I’m trying to scrape https://www.ventureloop.com/ventureloop/job_search.php?g=0&jcat=46&dc=all&ldata=%&jt=1&jc=1&jd=1&d=5&btn=1 with Puppeteer and Node.js
The scraper works but only gets data from the first page as I don’t know how to paginate. The issue is that the URL doesn’t change depending on the page number, and there is no “next page” button.
How can I implement pagination with such constraints?
Below is my entire code:
JavaScript
x
let browser;
const ventureLoopResults = [];
const url =
"https://www.ventureloop.com/ventureloop/job_search.php?g=0&jcat=46&dc=all&ldata=%&jt=1&jc=1&jd=1&d=5&btn=1";
// "https://www.ventureloop.com/ventureloop/job_search.php?g=0&jcat=46&dc=all&ldata=%&jt=1&jc=1&jd=1&d=5&btn=1";
async function scrapeJobsInIndexPage(url) {
try {
// const browser = await puppeteer.launch({ headless: false });
const page = await browser.newPage();
await page.goto("https://www.ventureloop.com/ventureloop/login.php", {
waitUntil: "networkidle0",
});
await page.click("#close-cookies", {
delay: 200,
});
await page.type("[name='email_1']", "natan.chapman@gmail.com", {
delay: 200,
});
await page.type("[name='pass']", "Aw8rbJ!9bXt*dpb", { delay: 200 });
await page.click("#formContainer > form > div:nth-child(5) > input", {
delay: 200,
});
await page.waitForNavigation();
await page.goto(url, { waitUntil: "networkidle0" });
// await page.goto(ls
// "https://www.ventureloop.com/ventureloop/job_search.php?g=0&jcat=46&dc=all&ldata=%&jt=1&jc=1&jd=1&d=5&btn=1",
// { waitUntil: "networkidle0" });
// await page.waitForNavigation();
const html = await page.evaluate(() => document.body.innerHTML);
// const content = await page.content();
const $ = await cheerio.load(html);
// const $ = await cheerio.load(content);
// const homes = $("[itemprop='url']")
const jobs = $(".tsize a:even")
// const jobs = $(".tsize a:even")
.map(
(i, element) =>
"https://www.ventureloop.com/ventureloop/" + $(element).attr("href")
)
.get();
console.log(jobs);
return jobs;
} catch (erro) {
console.error(erro);
}
}
async function scrapeDescriptionPage(url, page) {
let jobText;
try {
await page.goto(url, { waitUntil: "networkidle0" });
const html = await page.evaluate(() => document.body.innerHTML);
const $ = await cheerio.load(html);
jobText = $("#formContainer").text();
const companyImage = await page.$eval(
// ".oc-photo-gallery .photo__10vsfGte img",
".cs-media img",
(img) => img.src
);
const location = $(".location.mid").text();
// const jobSalary = $(".css-1v5elnn.e11nt52q2 .small.css-10zcshf.e1v3ed7e1").text()

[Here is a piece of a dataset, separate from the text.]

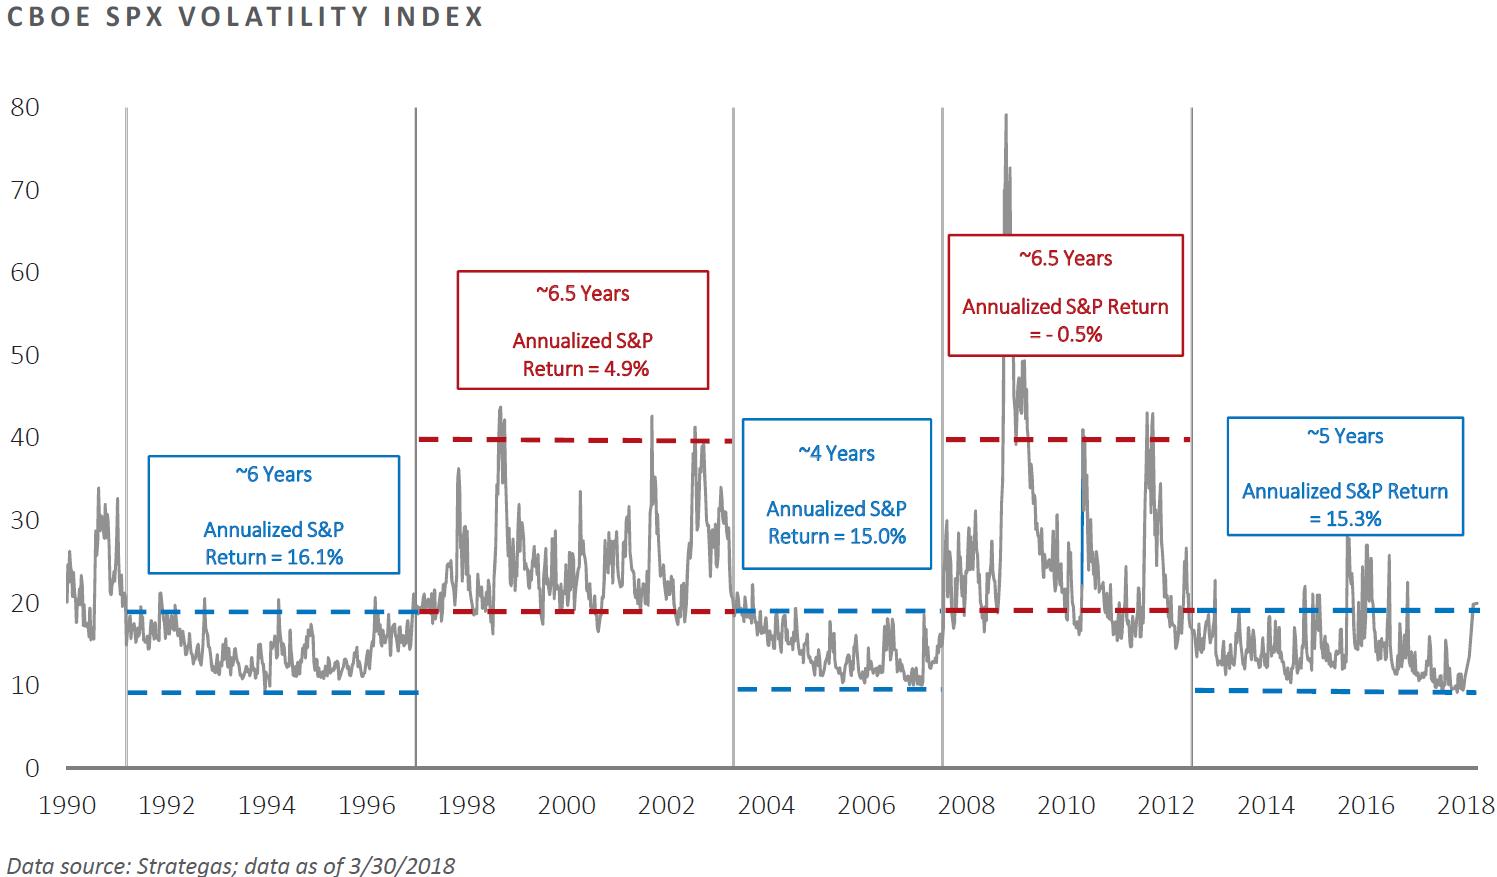 CBOE SPX Volatility Index

const jobPosition = $(".cs-post-title h2").text();
const companyName = $(".cs-post-title h3").text();
const applyLinkRedirect = $(".ltp-btn").attr("href");
// const jobDescription = $(".company-detail").html();
const jobDescription = $(
"#formContainer > form > div > div > div.company-detail > div:nth-child(3)"
).html();
const datePosted = $(
"#formContainer > form > div > div > div.company-detail > ul > li:nth-child(3) > span"
).text();
await page.goto(applyLinkRedirect, { waitUntil: "networkidle0" });
const applyLink = await page.url();
let ventureLoopResult = new testVentureLoopDB({
url,
jobPosition,
companyName,
applyLink,
jobDescription,
companyImage,
datePosted,
// jobSalary,
location,
});
ventureLoopResults.push(ventureLoopResult);
console.log(ventureLoopResults);
ventureLoopResult.save();
const listingModel = new GlassdoorDB(ventureLoopResult);
// const listingModel = new VentureLoopDB(ventureLoopResult);
// const listingModel = new VentureLoopDB(ventureLoopResult);
await listingModel.save();
console.log(result);
}
return ventureLoopResults;
// while (await page.$("[data-test='pagination-next']")) {
// await page.click("[data-test='pagination-next']");
// }
} catch (err) {
console.log(jobText);
console.log(url);
console.log(err);
}
}
async function main() {
await connectToMongoDb();
browser = await puppeteer.launch({ headless: false });
const descriptionPage = await browser.newPage();
const jobs = await scrapeJobsInIndexPage(
"https://www.ventureloop.com/ventureloop/job_search.php?g=0&jcat=46&dc=all&ldata=%&jt=1&jc=1&jd=1&d=5&btn=1"
);
for (var i = 1; i < jobs.length; i++) {
const result = await scrapeDescriptionPage(jobs[i], descriptionPage);
// const datePosted = await scrapeDescriptionPage(jobs[i], descriptionPage);
console.log(result);
}
}
main();
Advertisement
Answer
Try something like this:
JavaScript
import puppeteer from 'puppeteer';
const browser = await puppeteer.launch({ headless: false, defaultViewport: null });
try {
const [page] = await browser.pages();
await page.goto('https://www.ventureloop.com/ventureloop/job_search.php?g=0&jcat=46&dc=all&ldata=%&jt=1&jc=1&jd=1&d=5&btn=1');
const totalPagesSelector = '.pag_txt_tot';
const currentPageSelector = '.pag_txt_current';
await page.waitForSelector(totalPagesSelector);
const totalPages = await page.$eval(totalPagesSelector, el => Number(el.innerText));
for (let currentPage = 1; currentPage <= totalPages; currentPage++) {
await page.waitForFunction(
(sel, page) => document.querySelector(sel)?.innerText === String(page),
{},
currentPageSelector,
currentPage,
);
const data = await page.evaluate(() => {
const firstDataCell = document.querySelector('#news_tbl tr td')?.innerText;
return firstDataCell;
});
console.log(`${currentPage}: ${data}`);
await page.evaluate(() => {
document.querySelector('span.current').nextElementSibling?.querySelector('a').click();
});
}
} catch (err) { console.error(err); } finally { await browser.close(); }